2.5. Assessment of myocardial injury
Serum levels of creatine kinase-MB (CK-MB) and cardiac troponin I (cTnI) were measured to assess the myocardial injury. Standard techniques were performed using commercial kits for CK-MB and cTnI (Nanjing Jiancheng Bioengineering Institute, Nanjing, China).
2.6. Assessment of infarct size
The infarct size was measured using the 2,3,5-triphenyl tetrazolium chloride staining (TTC, Sigma-Aldrich, St. Louis, USA) as previously described [11]. Briefly, after reperfusion, LAD has occluded again, and the rats were injected with 2 ml of 1% Evans blue dye (Sigma-Aldrich, St. Louis, USA) via the femoral vein. The hearts were removed from the body, frozen at -80°C for 15min and then cut (approximately 2 mm) into five slices from the apex to the base. The slices were immersed and incubated in 1% TTC for 20 min at 37°C to separate the infarct area (white) from the risk area (red) and then fixed in 4% paraformaldehyde. The white tissues and red tissues from each section were determined with image analysis software (Image-Pro Plus 6.0, Media Cybernetics, Silver Spring, USA). Five rats per group were used to measure the myocardial infarct size. The infarct size (%) was expressed as: infarct area / (risk + infarct) area × 100%.
2.7. TUNEL assay
Myocardial apoptosis was analyzed by the TUNEL assay using a commercial kit (Roche Applied Science, Indianapolis, USA) according to the manufacturer’s instructions. The apoptosis index was defined by the percentage of apoptotic cell number/total cell number, as calculated using Image-Pro Plus 6.0 software. Notably, brown staining in the nucleus indicated apoptosis.

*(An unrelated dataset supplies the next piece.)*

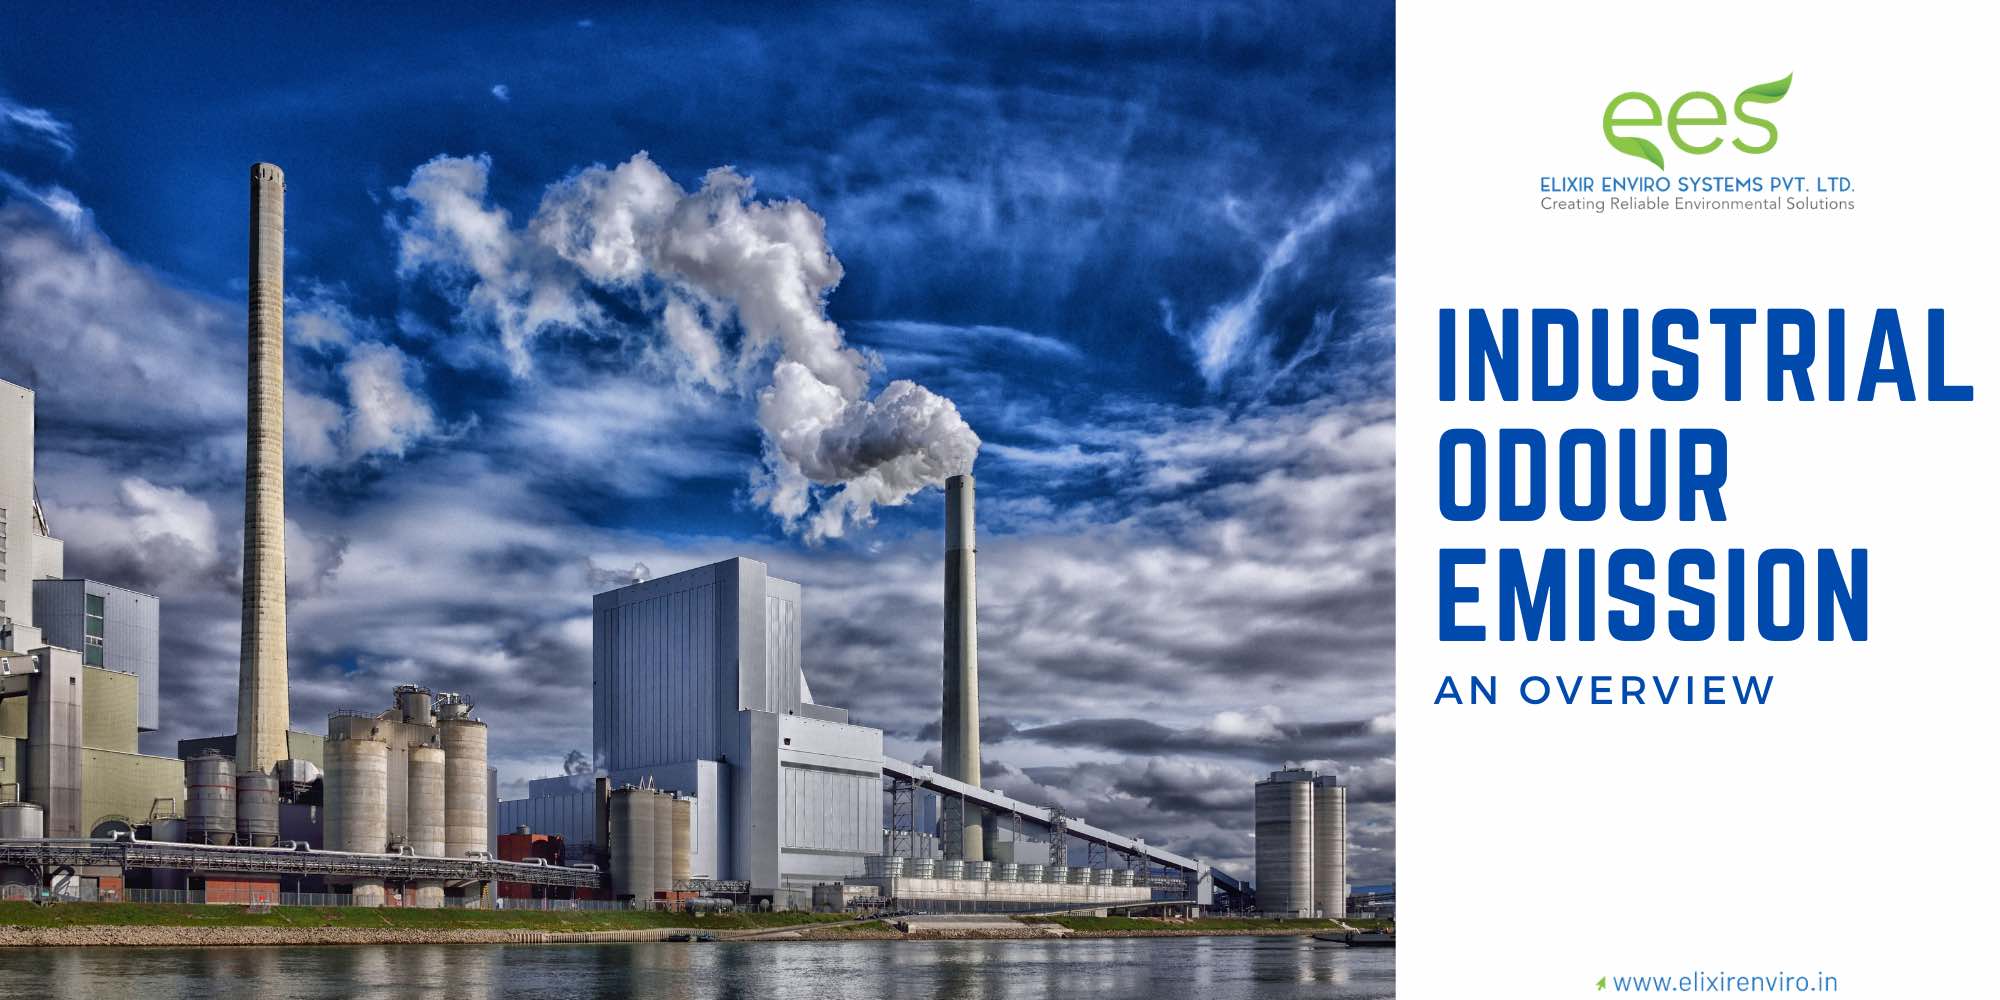 INDUSTRIAL ODOR EMISSION: AN OVERVIEW

2.8. Measurement of oxidative stress and inflammatory cytokines in myocardial tissues
Oxidative stress markers, including malondialdehyde (MDA) contents and antioxidant superoxide dismutase (SOD) activities, were determined spectrophotometrically in myocardial tissues, using commercial kits (Nanjing Jiancheng Bioengineering Institute, Nanjing, China) according to the manufacturer’s instructions. Production of tumor necrosis factor-α (TNF-α) and interleukin-6 (IL-6) was assessed in ischemic areas of the left ventricle by enzyme-linked immunosorbent assays according to manufacturer’s instructions (Nanjing Jiancheng Bioengineering Institute, Nanjing, China).
2.9. Western blot
Frozen ischemic areas of left ventricle samples were analyzed by Western blot analysis. The antibody against interleukin-23 (IL-23) (1:800) was purchased from Proteintech Group Inc, USA. Anti-total-Caspase3 (1:1000) was purchased from Abcam (UK). Anti-cleaved-Caspase3 (1:1000), anti-p38 (1:1000), and anti-p-p38 (1:1000) were obtained from Cell Signaling Technology, Danvers, USA. Anti-high mobility group box 1 (HMGB1) (1:300) and anti-glyceraldehyde-3-phosphate dehydrogenase (GAPDH, 1:1000) were received from the Boster, Wuhan, China.

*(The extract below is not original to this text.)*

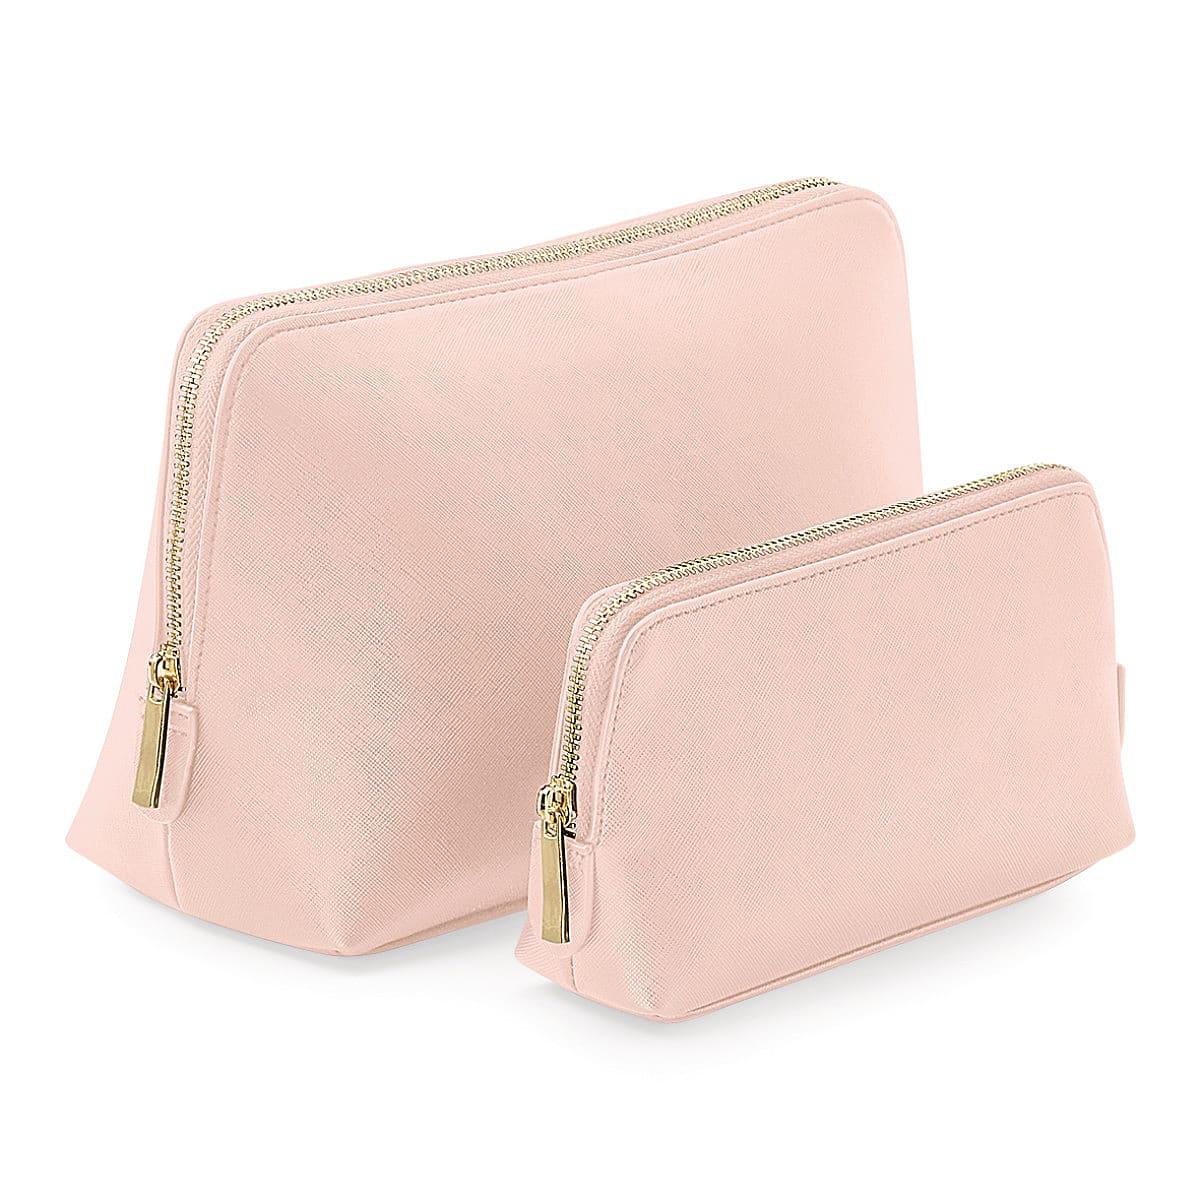 Bagbase Boutique Accessory Case in Soft Pink (Product Code: BG751)

2.10. Statistical analysis
SPSS 19.0 was used for data analysis. All data are expressed as mean ± SD. Student’s t-test was used for comparison between two groups. Multiple comparisons among groups were evaluated by one-way ANOVA or a Welch test. Student-Newman-Keuls or Dunnett’s T3 test was used for post hoc multiple comparisons. P value < 0.05 was considered statistically significant.